Sommé de passer un cap, Daniel Ricciardo (McLaren) a touché le fond sans explication à Portimao (éliminé en Q1) et s'est réveillé le week-end dernier à Montmelo en battant son coéquipier pour la troisième fois en quatre duels du samedi. Et dimanche, il a pris la sixième place, deux rangs devant l'Anglais.
"C'est mon meilleur week-end jusque-là et j'ai le sentiment d'avoir tiré le maximum de la voiture, a-t-il expliqué. J'ai gagné quelques positions (deux) au départ et ces voitures doublées, plus rapides, m'ont poussé à défendre. Le rythme était élevé, et ça m'a forcé à attaquer sans arrêt. J'ai en plus appris sur la voiture." Il a même été rappelé à l'ordre par la direction de course pour ses changements de ligne pas très académiques sur les zones de freinage. Sorti de ce constat encourageant, le retard qu'il a pris en début de saison le poursuit néanmoins au championnat : il y apparaît avec un total de 22 points, contre 41 à Norris.

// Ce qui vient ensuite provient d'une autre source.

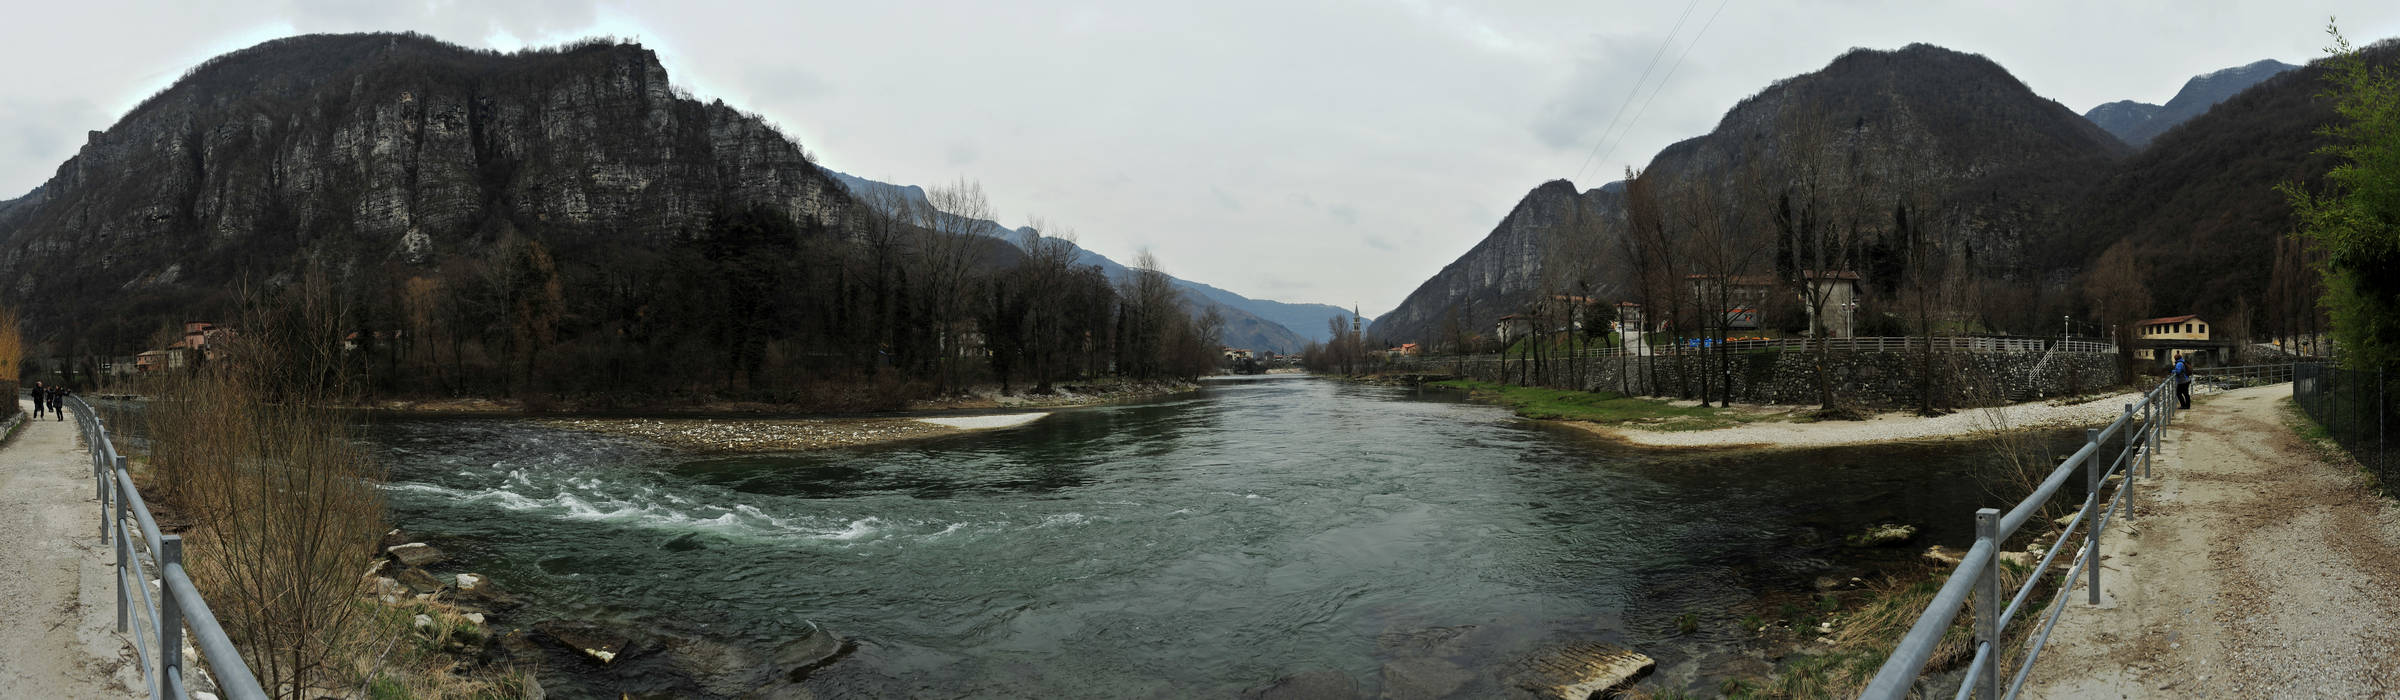 Valstagna : il fiume Brenta e l'Oliero a Oliero di Valstagna, Canal di
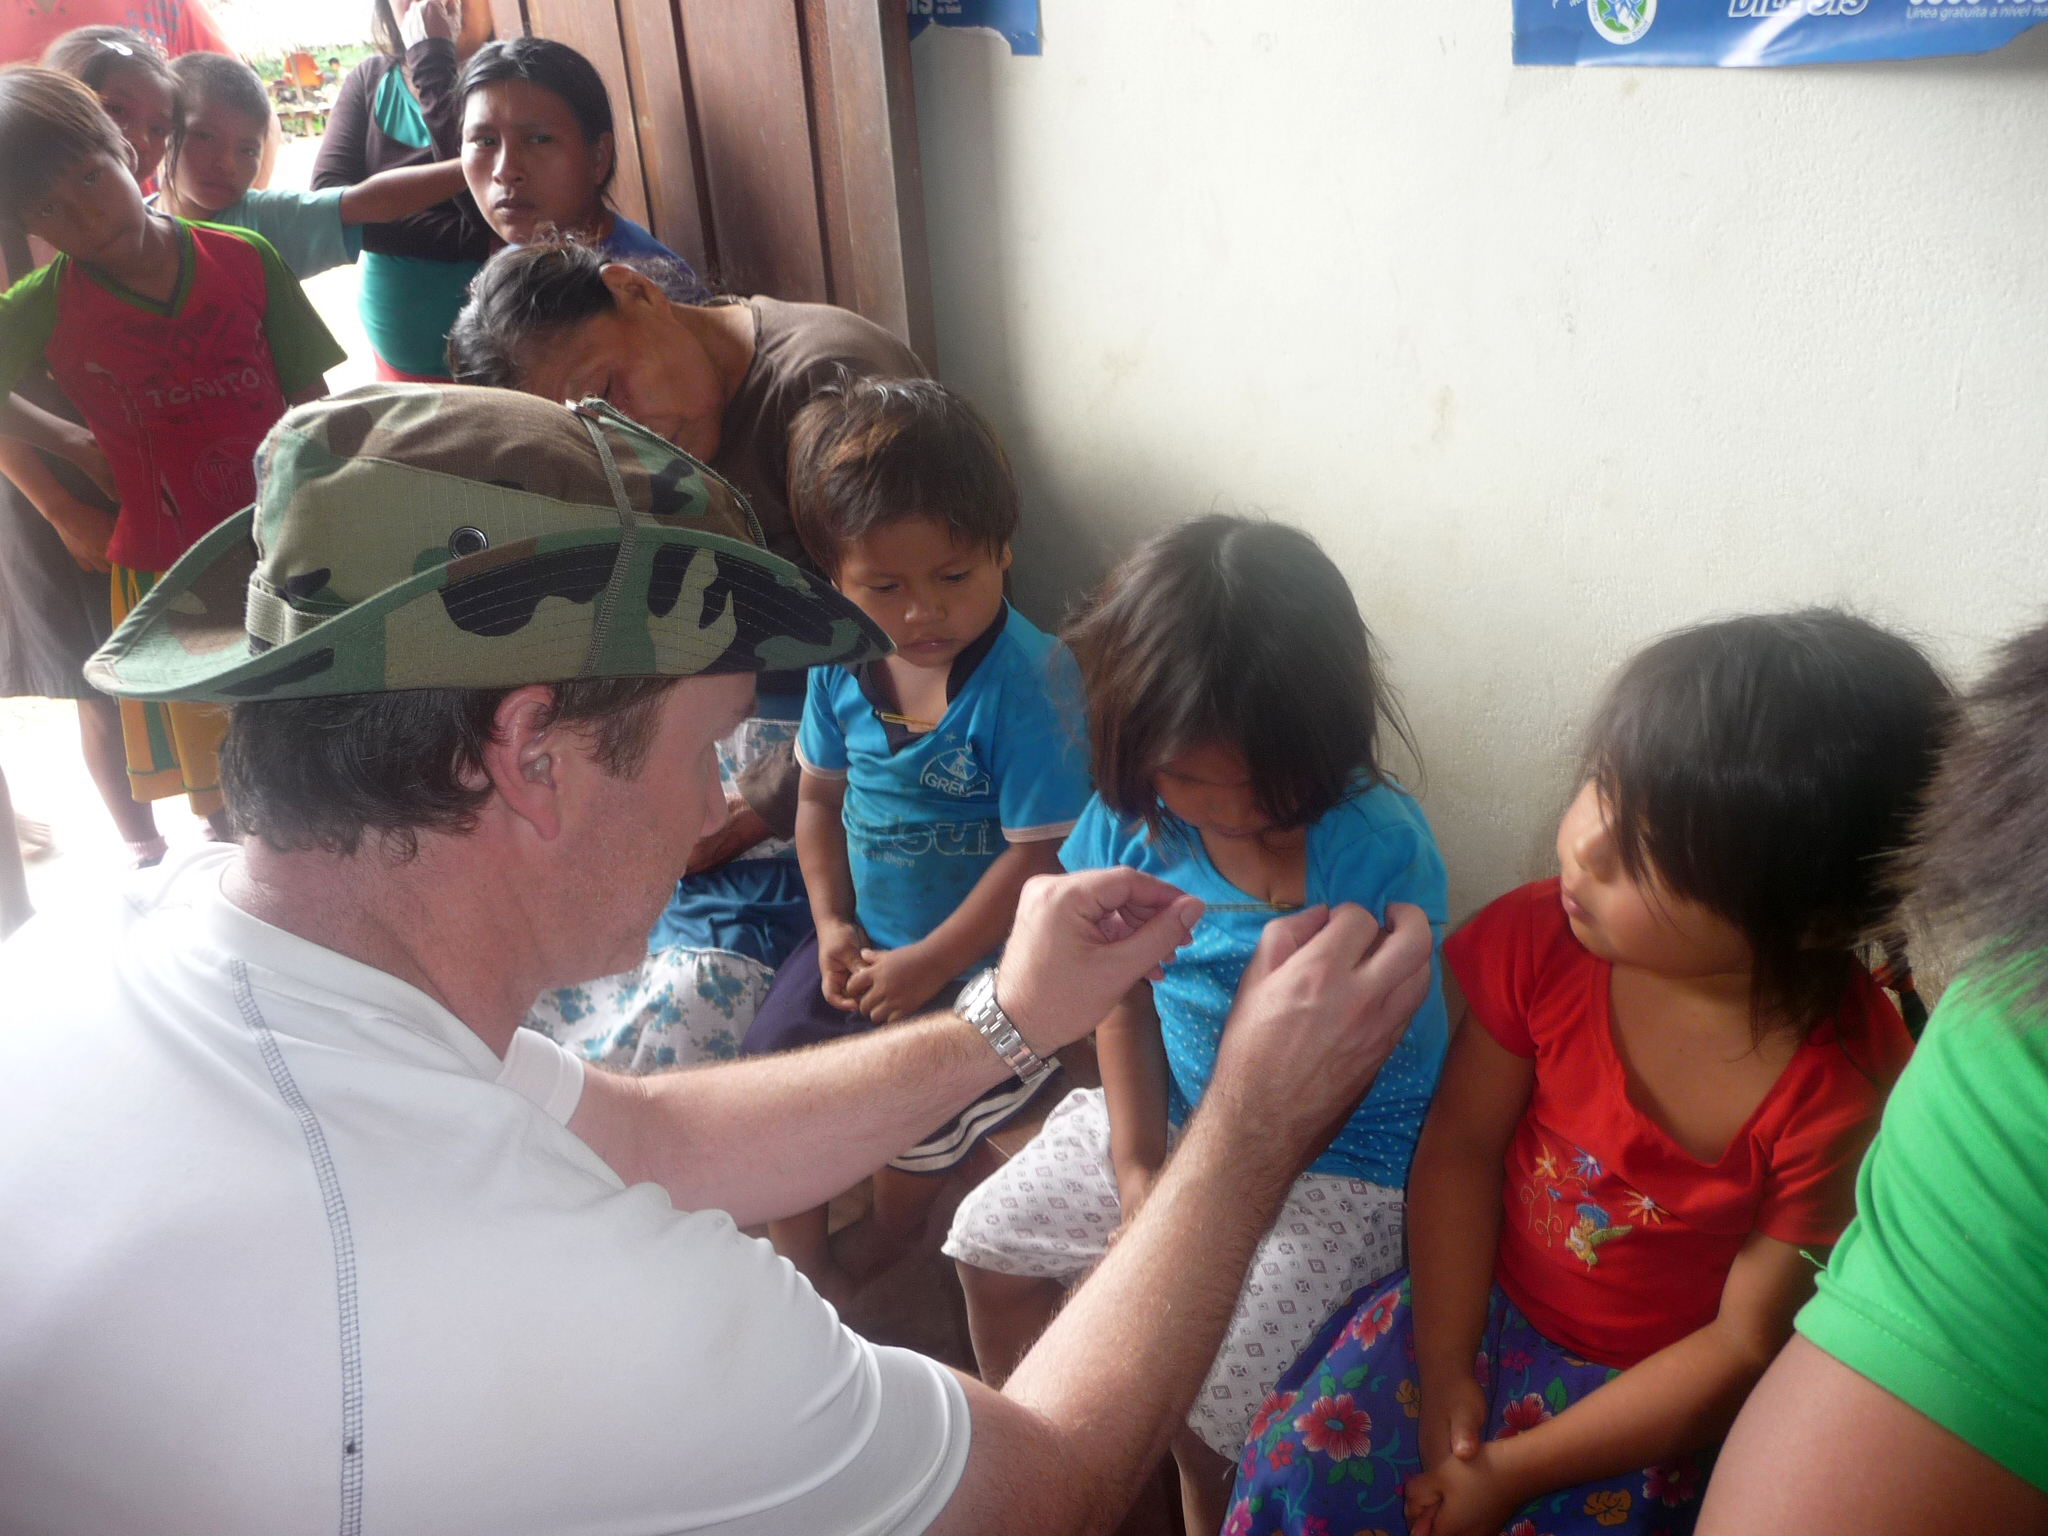 UJMT Trainee Michael Deshotel working with children in Peru

Daniel Ricciardo (McLaren) au Grand Prix de Bahreïn 2021

Crédit: Getty Images

"Ne te mets pas de pression inutile"

A l'issue du Grand Prix, il est revenu sur ses progrès et son nécessaire changement de style de pilotage, en course. Qui passe principalement par une autre façon de freiner. "Cette voiture est clairement différente à piloter, explique-t-il dans les colonnes d'AutoHebdo. Le phénomène est plus marqué par rapport à mon passage de Red Bull à Renault."
Ce qui l'aide aujourd'hui, c'est la galère vécue lors de ses premiers Grands Prix avec le Losange, en 2019, qui le persuade qu'il pilotera de mieux en mieux. Mais l'effet de repartir à zéro est quand même dévastateur. "J'ai l'impression d'être un débutant que l'on guide à chaque virage. Le retour de l'équipe est positif. Elle essaie de me faire adopter les bonnes habitudes avec cette voiture et ses caractéristiques, que ce soit au freinage ou à la ré-accélération. Je dois me programmer pour aller plus vite." Et de confier le conseil donné par ses deux patrons : "Ne te mets pas de pression inutile. On aime le fait que tu veuilles briller d'entrée de jeu, mais ne commence pas à surconduire et à trop intellectualiser les choses."
Chez McLaren, la compétition en interne bat son plein, et cette émulation ne sera pas de trop pour continuer de donner le change à Ferrari.